Case Study: How Accurate are Air Quality Measurements?

12. Case Study: How Accurate are Air Quality Measurements?

California is prone to wildfires, so much so that its residents (like the authors of this book) sometimes say that California is “always on fire”. In 2020, forty separate fires covered the State in smoke, caused thousands of people to evacuate, and more than twelve billion dollars in damages (Fig. 12.1).

ca-fires

Fig. 12.1 Satellite image from August 2020 showing smoke covering California. (Image from Wikipedia licensed under CC BY-SA 3.0 IGO.)

In places like California, people use air quality measurements to learn what kinds of protective measures they need to take. Depending on conditions, people may wish to wear a mask, use air filters, or avoid going outside altogether.

In the United States, one important source of air quality information is the Air Quality System (AQS), run by the US government. AQS places high-quality sensors at locations across the US and makes their data available to the public. These sensors are carefully calibrated to strict standards—in fact, the AQS sensors are generally seen as the gold standard for accuracy. However, they have a few downsides. The sensors are expensive: typically between $15,000 and $40,000 each. This means that there are fewer sensors, and they are further apart. Someone living far away from a sensor might not be able to use AQS data for their personal use. Also, AQS sensors do not provide real-time data. Since the data undergo extensive calibration, they are only released hourly and have a time lag of one to two hours. In essence, the AQS sensors are accurate but not timely.

In contrast, PurpleAir sensors sell for about $250 and can be easily installed at home. With the lower price point, thousands of people across the US have purchased these sensors for personal use. The sensors can connect to a home WiFi network so the air quality can be easily monitored, and they can report data back to PurpleAir. In 2020, thousands of owners of PurpleAir sensors made publicly available their sensors’ measurements. Compared to the AQS sensors, PurpleAir sensors are more timely. They report measurements every two minutes rather than every hour. Since there are more deployed PurpleAir sensors, more people live close enough to a sensor to make use of the data. However, PurpleAir sensors are less accurate. To make the sensors affordable, PurpleAir uses a simpler method to count particles in the air. This means that PurpleAir measurements can report that air quality is worse than it really is (see Josh Hug’s blog post). In essence, PurpleAir sensors tend to be timely but less accurate.

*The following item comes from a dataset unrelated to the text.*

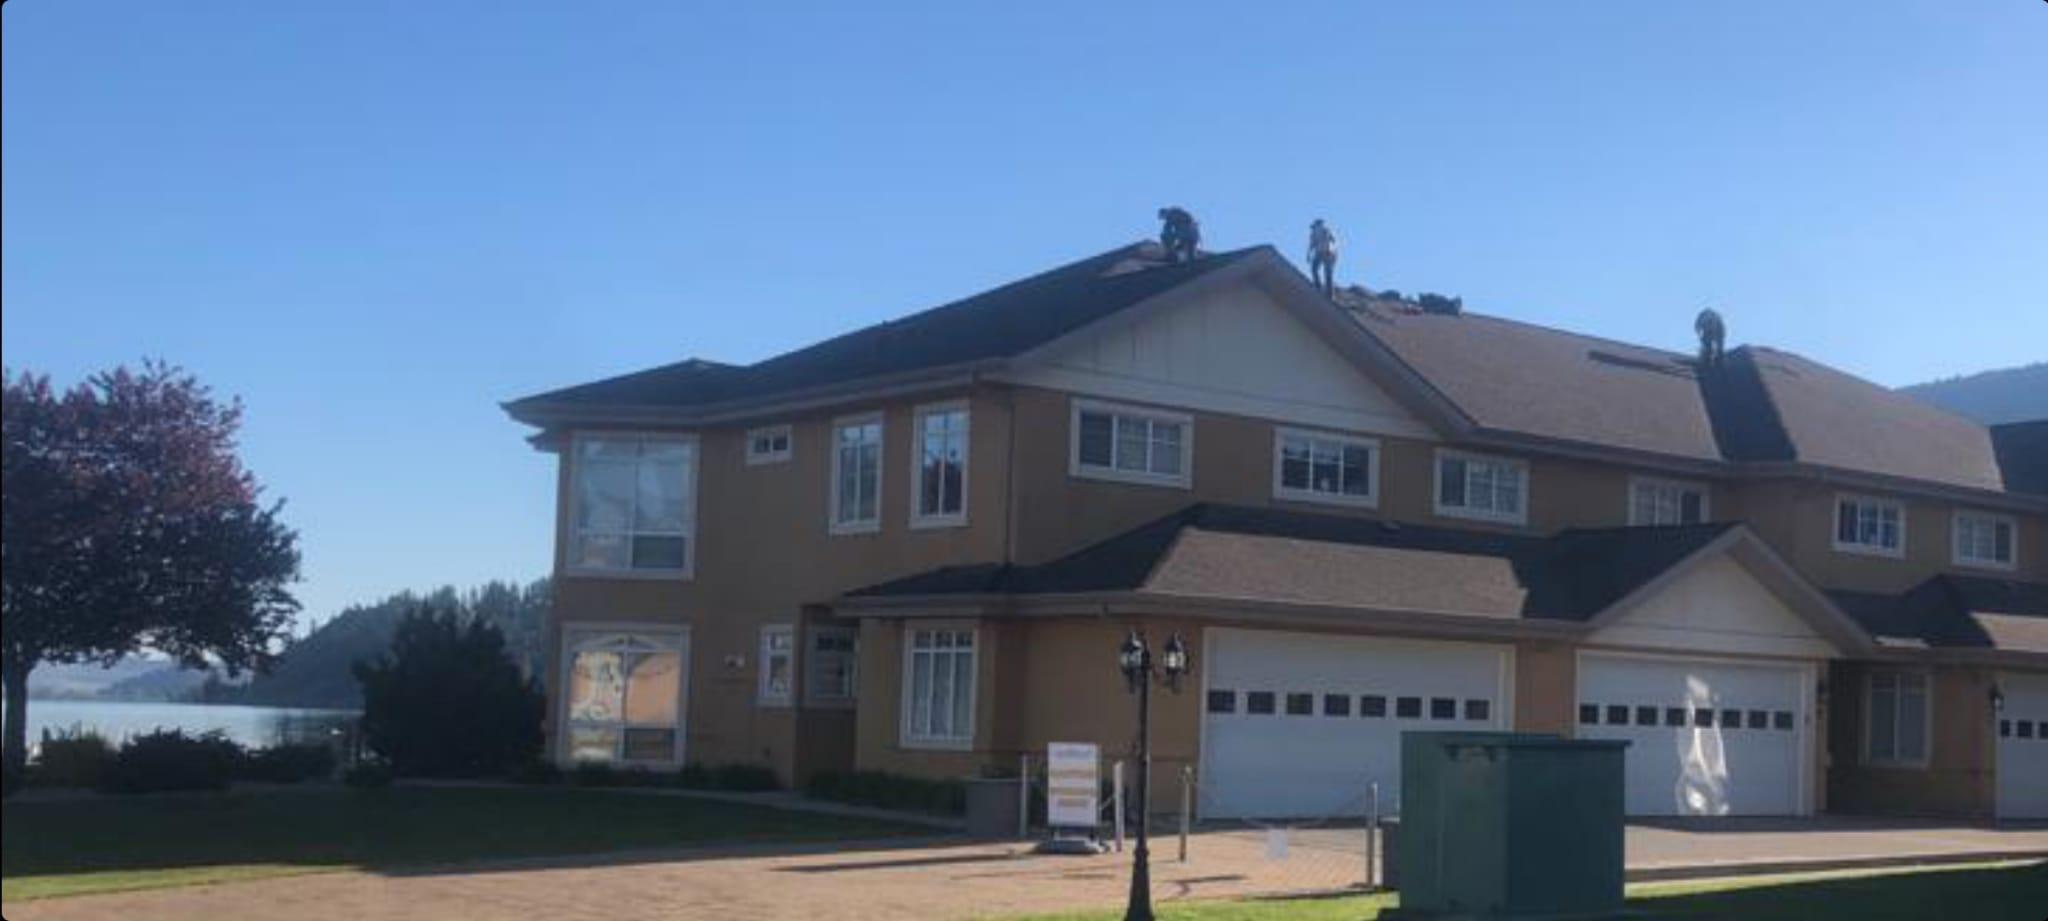 New Roofing Job Lake Country of the Okanagan

In this chapter we plan to use the AQS sensor measurements to improve the PurpleAir measurements. It’s a big task, and we follow the analysis first developed by Karoline Barkjohn, Brett Gannt, and Andrea Clements from the US Environmental Protection Agency. Barkjohn and group’s work was so successful that, as of this writing, the official US government maps, like the AirNow Fire and Smoke map, includes both AQS and PurpleAir sensors, and applies Barkjohn’s correction to the PurpleAir data.

Our work follows the data science life cycle, beginning with considering the question and the scope of the available data. Much of our effort is spent cleaning and wrangling the data into shape for analysis, but we also carry out an exploratory data analysis and build a model for generalization. We begin by considering the question and the design and scope of the data.